The mirrors and detectors for Euclid’s payload module began to be delivered in 2017 and 2018. In December 2018, the critical design review (CDR) was completed, giving the green light for the final assembly stage of the project to begin. July 2019 saw the completion of the NISP instrument, which was then delivered to Airbus. VIS was delivered a year later, with the two instruments integrated into the payload module in December 2020.

In 2021, the payload module was tested in a vacuum chamber, simulating a space-like environment to give engineers and scientists an understanding of how Euclid’s instruments would operate in space. With this complete, the payload module was delivered in late 2021 from France to Turin, Italy, in preparation for its mating with the service module, which had been constructed and undergone its own testing separately.

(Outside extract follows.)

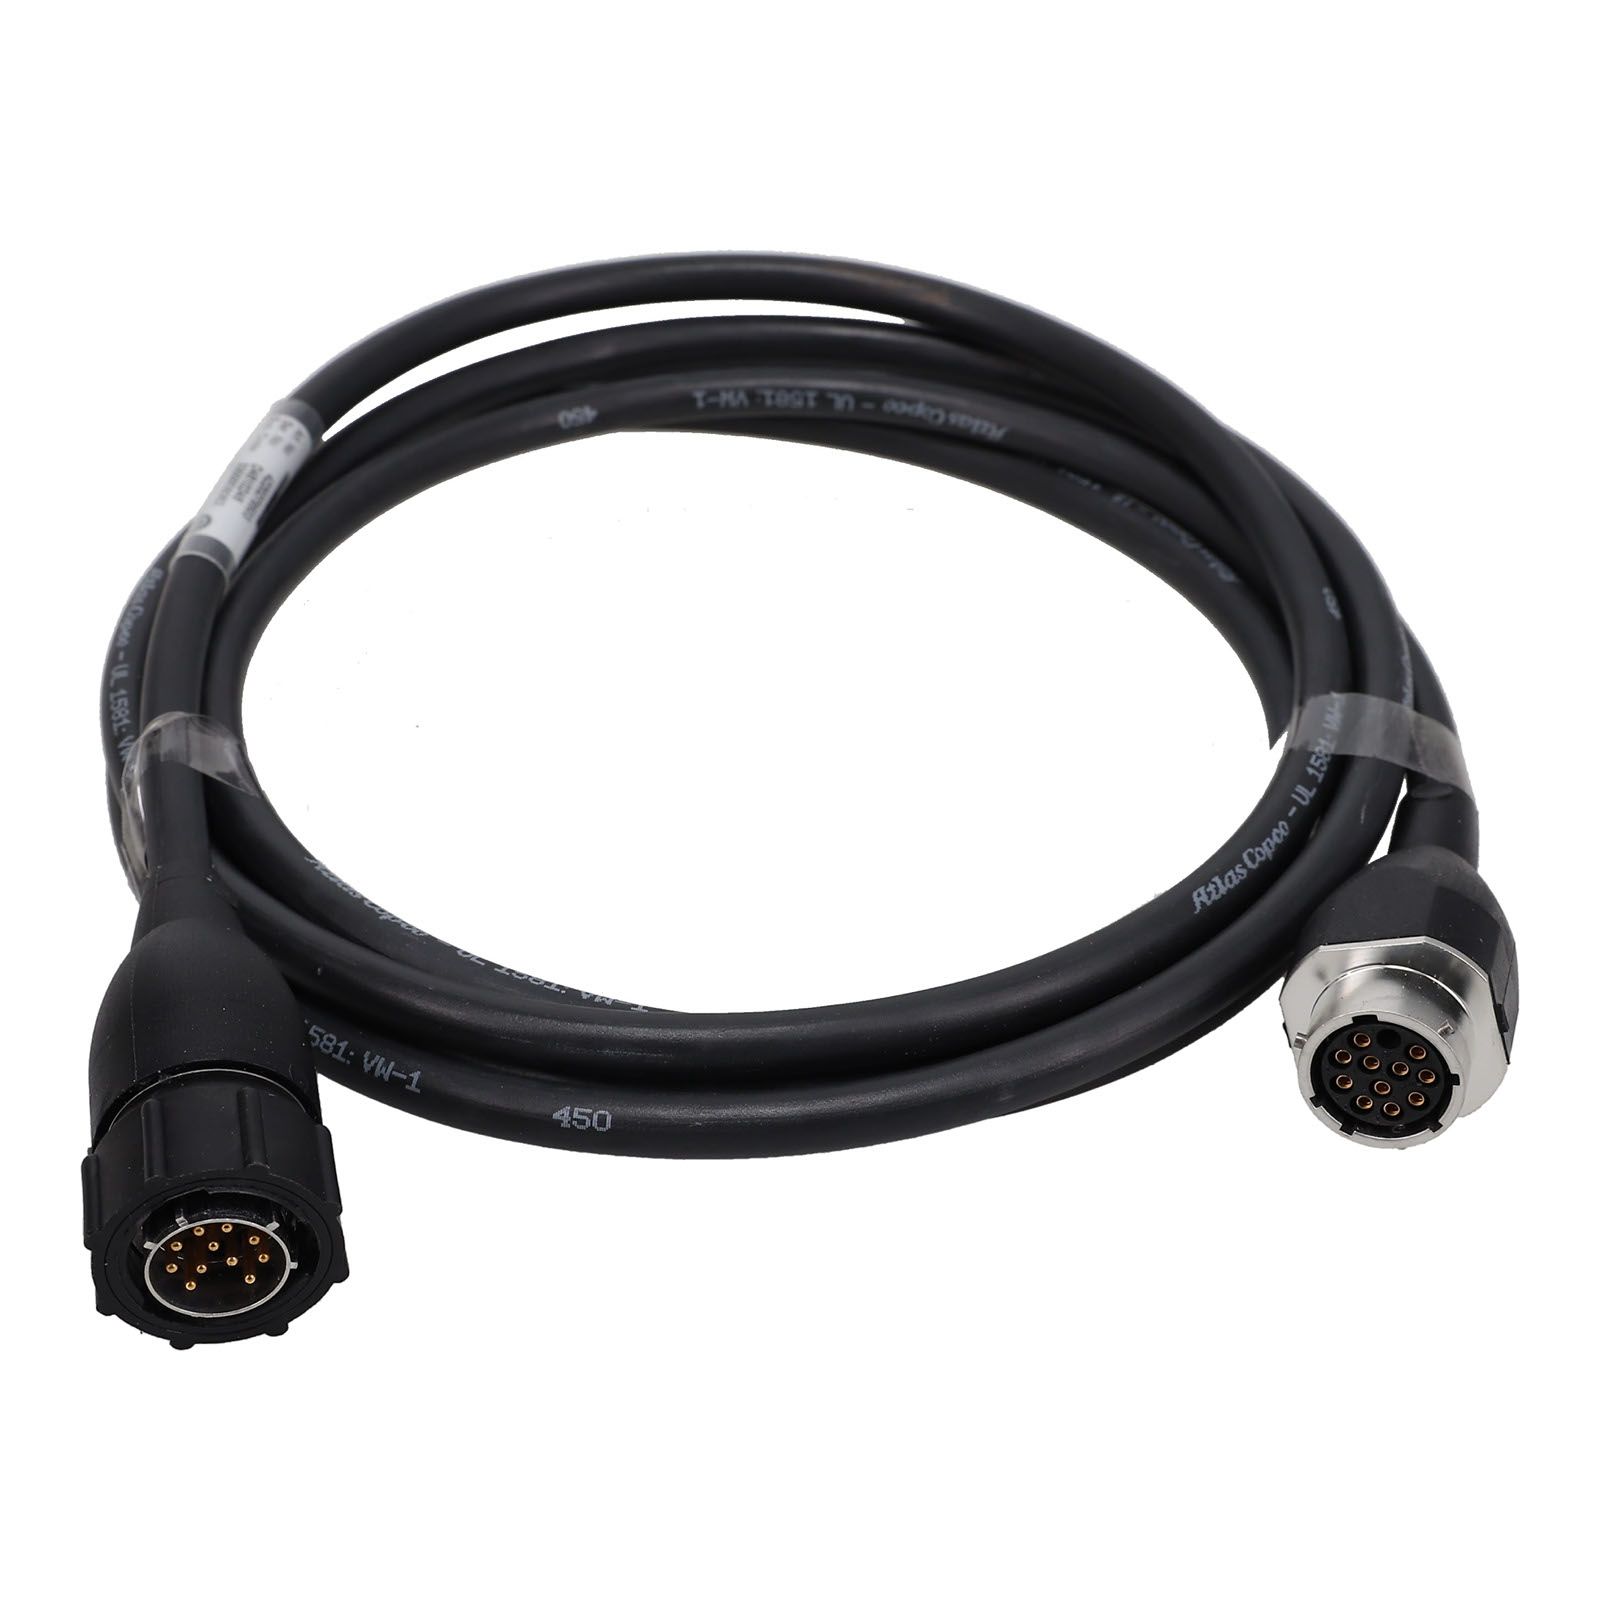 Tool cable extension product photo

On March 24, 2022, the two modules were integrated together. Teams from ESA, Airbus, and Thales were there to oversee the integration, with the 800-kilogram payload module lifted onto the service module’s eight connectors, with an accuracy of 50 microns (0.05 mm) required to complete the operation.

 

 

Speaking after the integration was complete, Hans Rozemeijer, an engineer responsible for the assembly, integration, and testing of the Euclid spacecraft, said: “It was really exciting to see the spacecraft coming together and get one step closer to seeing the mission become a reality. I almost feel like we have united two family members.”

“We had to make sure that the flatness of the service module closely matched the flatness of the payload module at the connection points to reduce the loads on the telescope as much as possible […] We were targeting a difference of less than 50 microns at every point. It’s not like a piece of Ikea furniture that you can hammer into place – this task required extreme precision!”

“After the modules were joined mechanically, we added connector brackets and plugged in the electrical connectors. Then, we checked that everything was working properly. Finally, we covered the connector brackets and any tiny remaining gaps between the two modules with thermal insulation to really seal up the spacecraft.”

With the payload and service modules integrated, Thales will complete construction by attaching the sun shield and high-gain antenna to the spacecraft. Euclid will then undergo further testing as a complete spacecraft before it is transported to the launch site. The finished spacecraft will measure 4.7 meters tall by 3.7 meters wide. Fully fueled, it will have a mass of 2,160 kilograms.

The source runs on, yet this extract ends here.